“NO CHANGE AUDITS.”

We received a letter of no change with respect to an IRS restaurant examination yesterday.  There is a saying, “Better to be lucky than good.”  Our office probably fits that paradym when it comes to food service restaurants and audits with the Internal Revenue Service.  Since 1995, when we started our practice, we have never had a change to a restaurant tax return as a result of an IRS examination.  And we have represented many.  We don’t know what to make of that, as we certainly can’t say that of the Commonwealth of MA and meals tax, but then again, the Commonwealth works in the land of “make believe” and the IRS understands small business a lot better.

Having said that, the IRS could use some work in finalizing examinations.  I am every bit as much interested in a closing conference on an examination with no changes, as I am in a closing conference for an examination with changes.  And as an aside, the IRS is pathetically poor in closing conferences for examinations with changes also – they simply don’t conduct them…and they are supposed to.

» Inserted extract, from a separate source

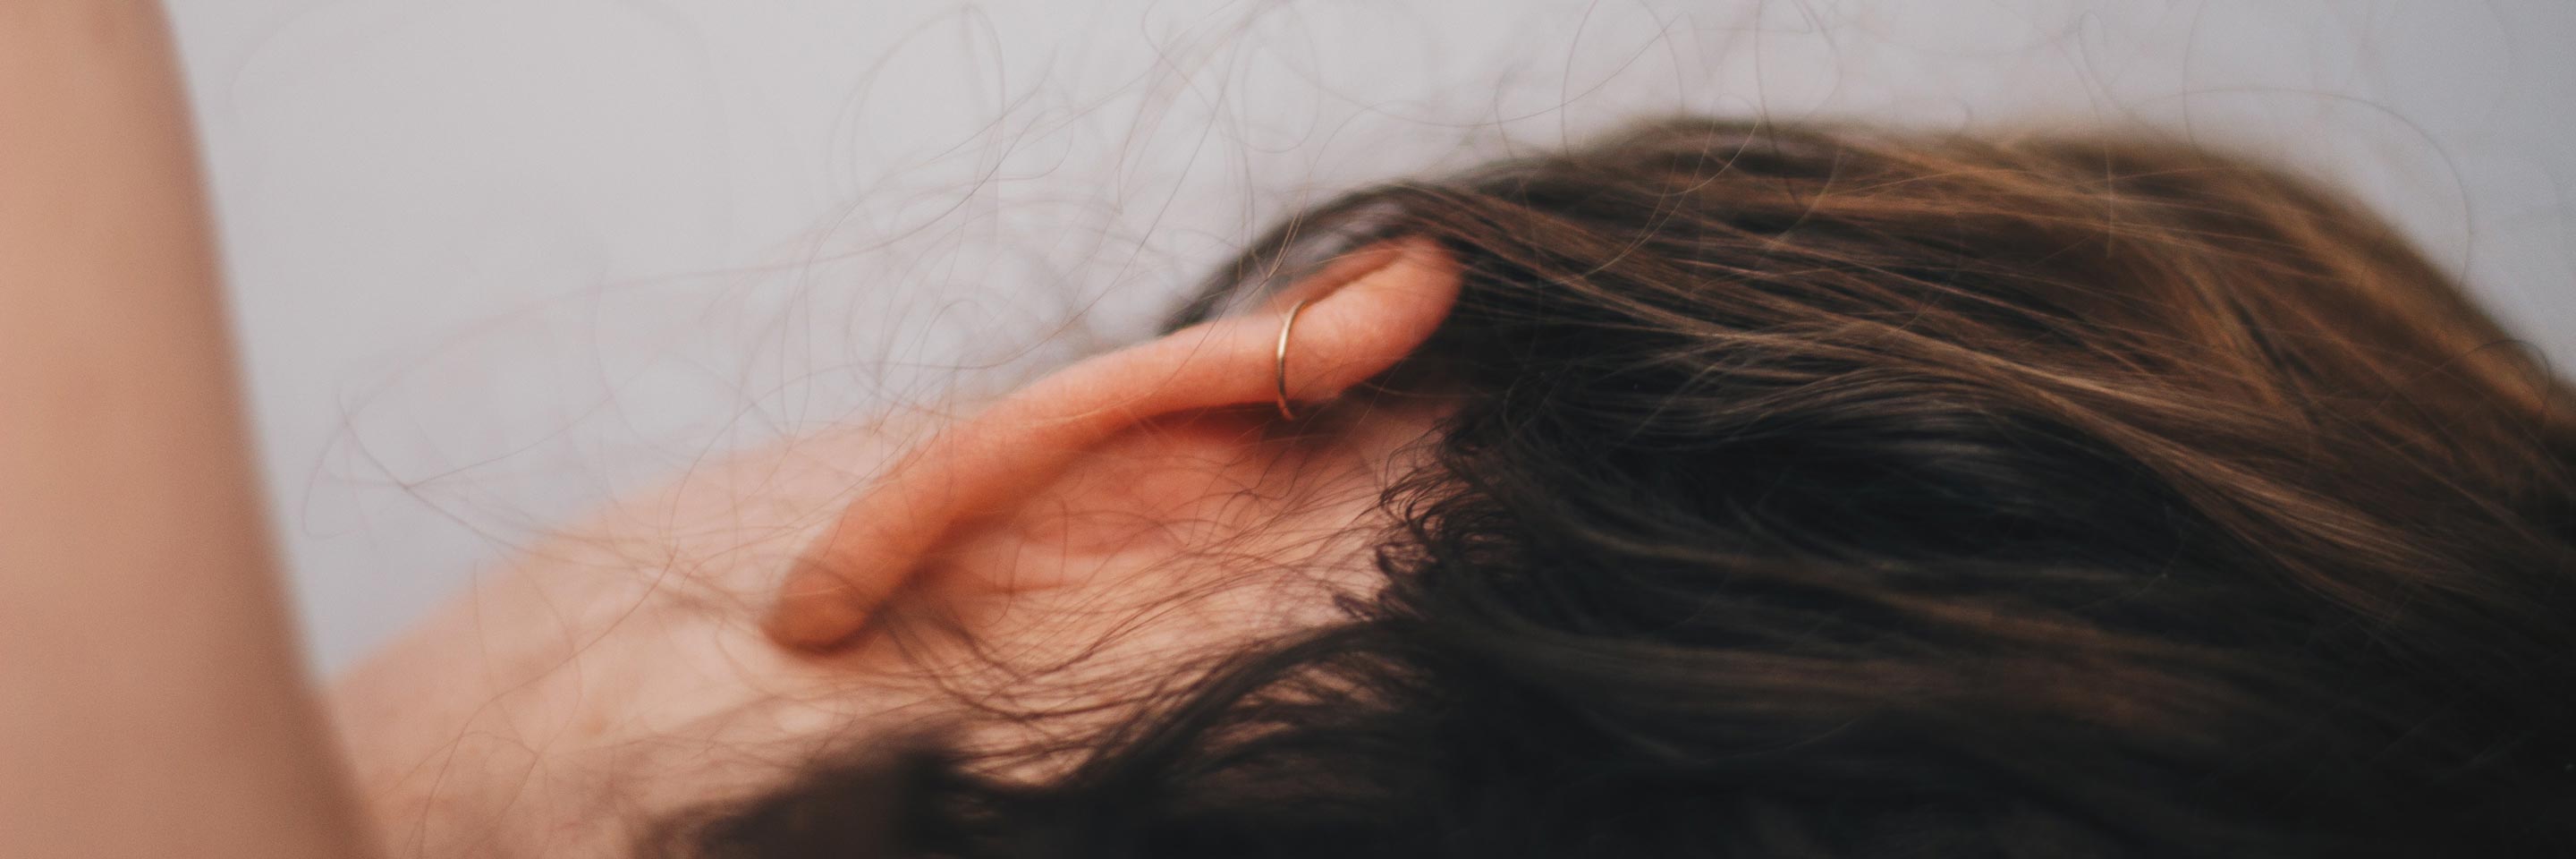 8 модных вариантов пирсинга уха и их названия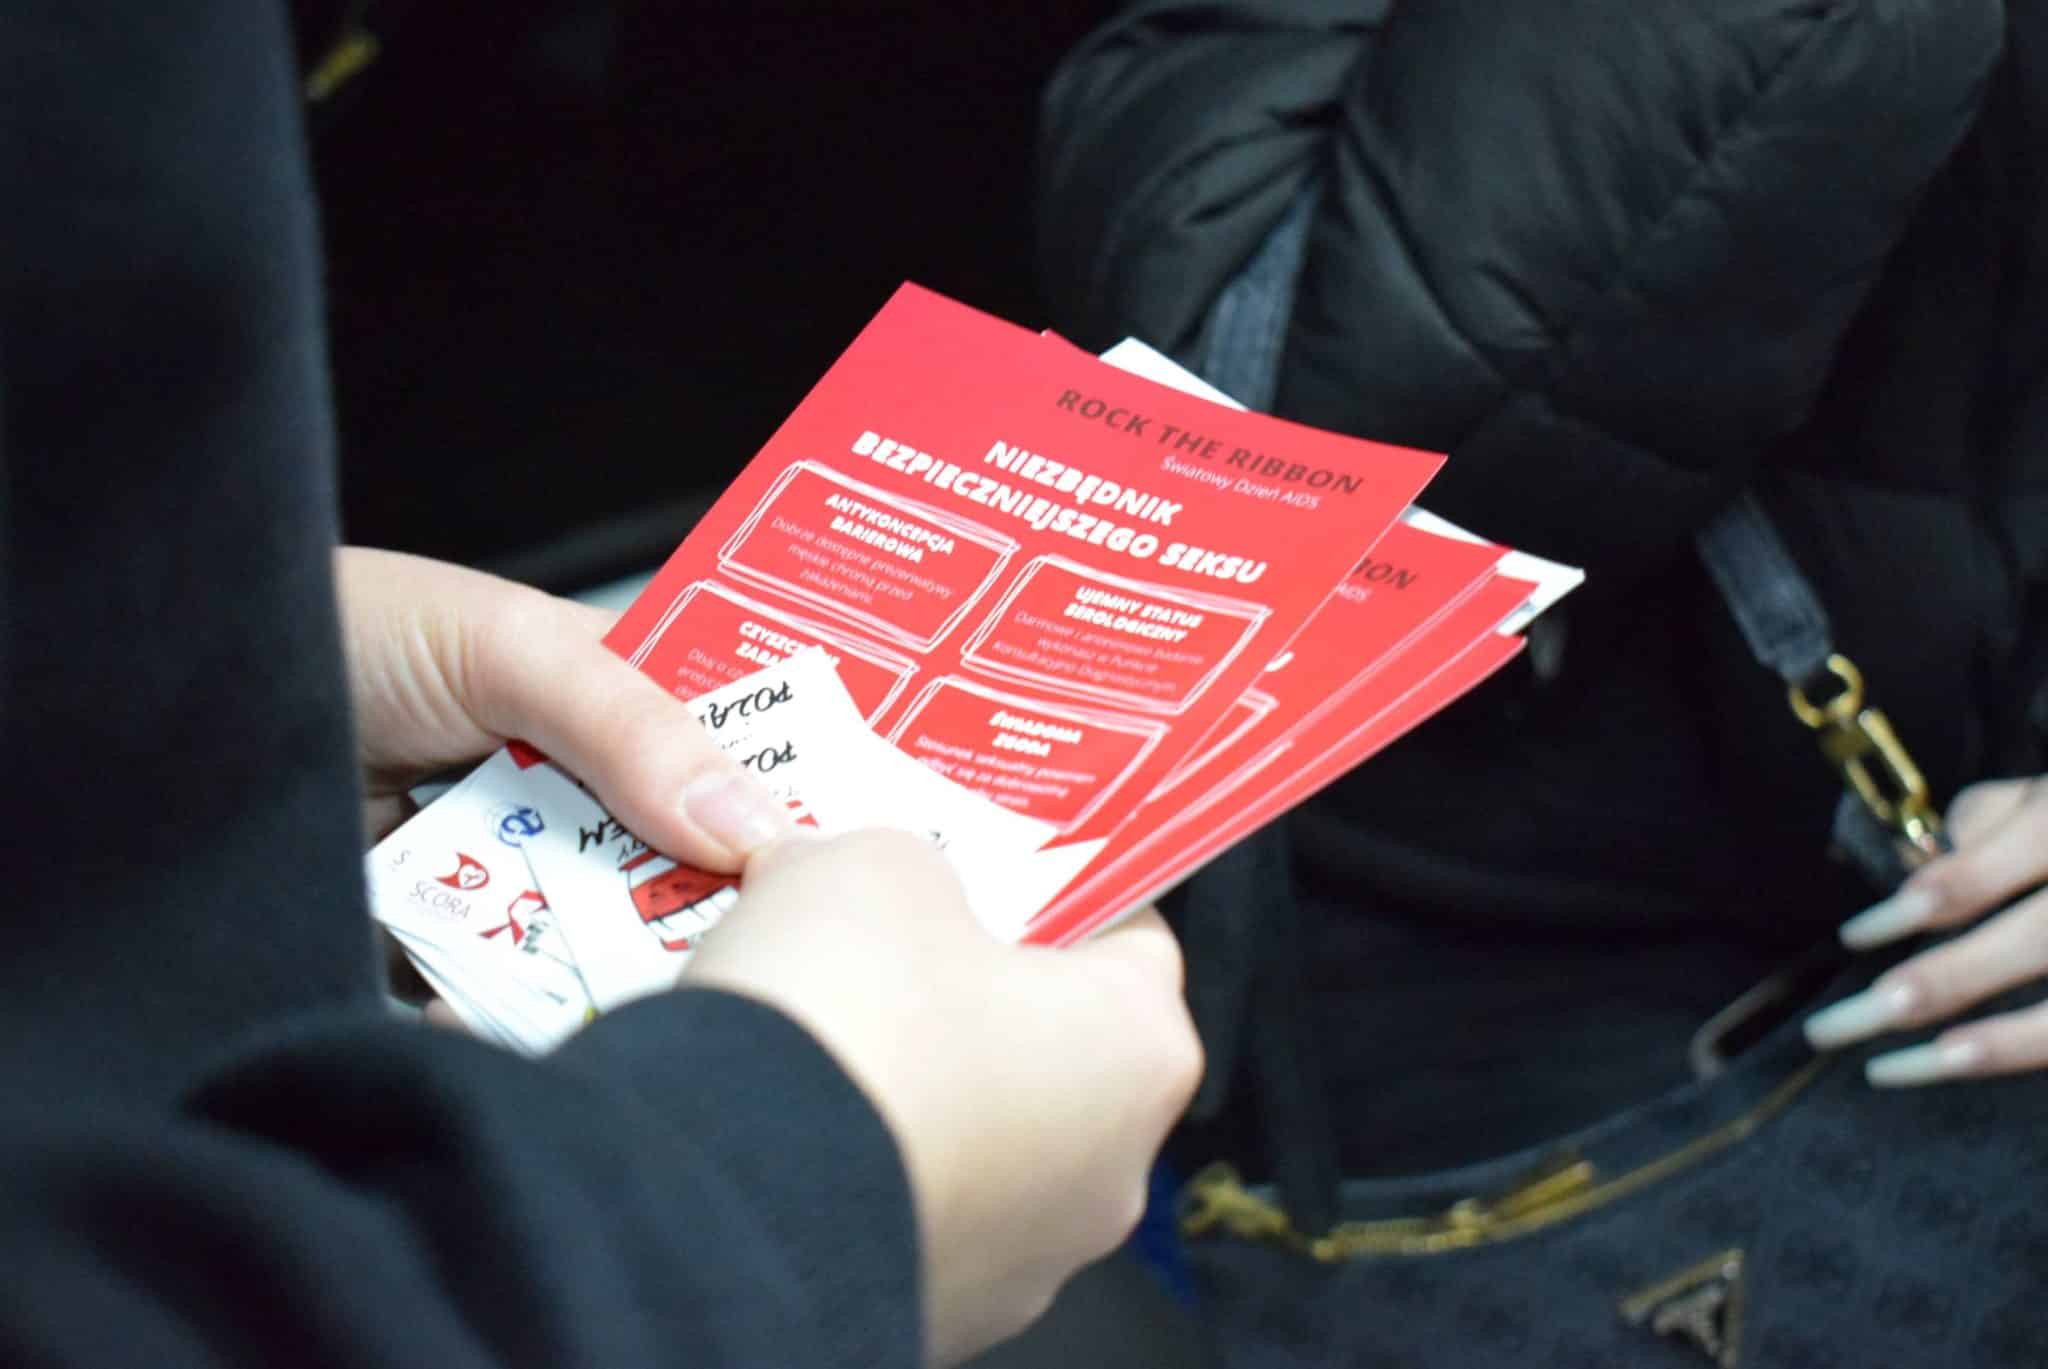 "Tramwaj zwany Pożądaniem": kampania edukacyjna o HIV startuje w Olsztynie zdrowie Olsztyn, Wiadomości, zShowcase

Why?  Because no taxpayer is perfect, even after a “no change” audit.  Even an examination with no changes could use some guidance as to how they could do something better.  What did they do right?  What did they do wrong?  The IRS may have done something I think was inappropriate and I would like to discuss it informally, and vice versa, frankly.  But they do not.

“No change,” the words of which are music to my ears, therefore must not come without a soreness on the side of the IRS.  And why should that be?  If there is a change, I get a “courtesy” call before the letter (albeit never a conference).  But if there is no change, we won’t know a thing until we open the envelope.  Why is that?  Is it because the IRS feels as though they lost?  I hope that isn’t the case, because audits are supposed to be objective.  No one “wins” or “loses.”  Sure the client is happy, because the tax return is deemed to have been reviewed and accepted as filed.  That is all it means.  It’s a satisfactory conclusion for us, but by no means a “victory.”

Anyways, “congratulations” to a very dear friend and client of our office.  And Happy Thanksgiving to everyone!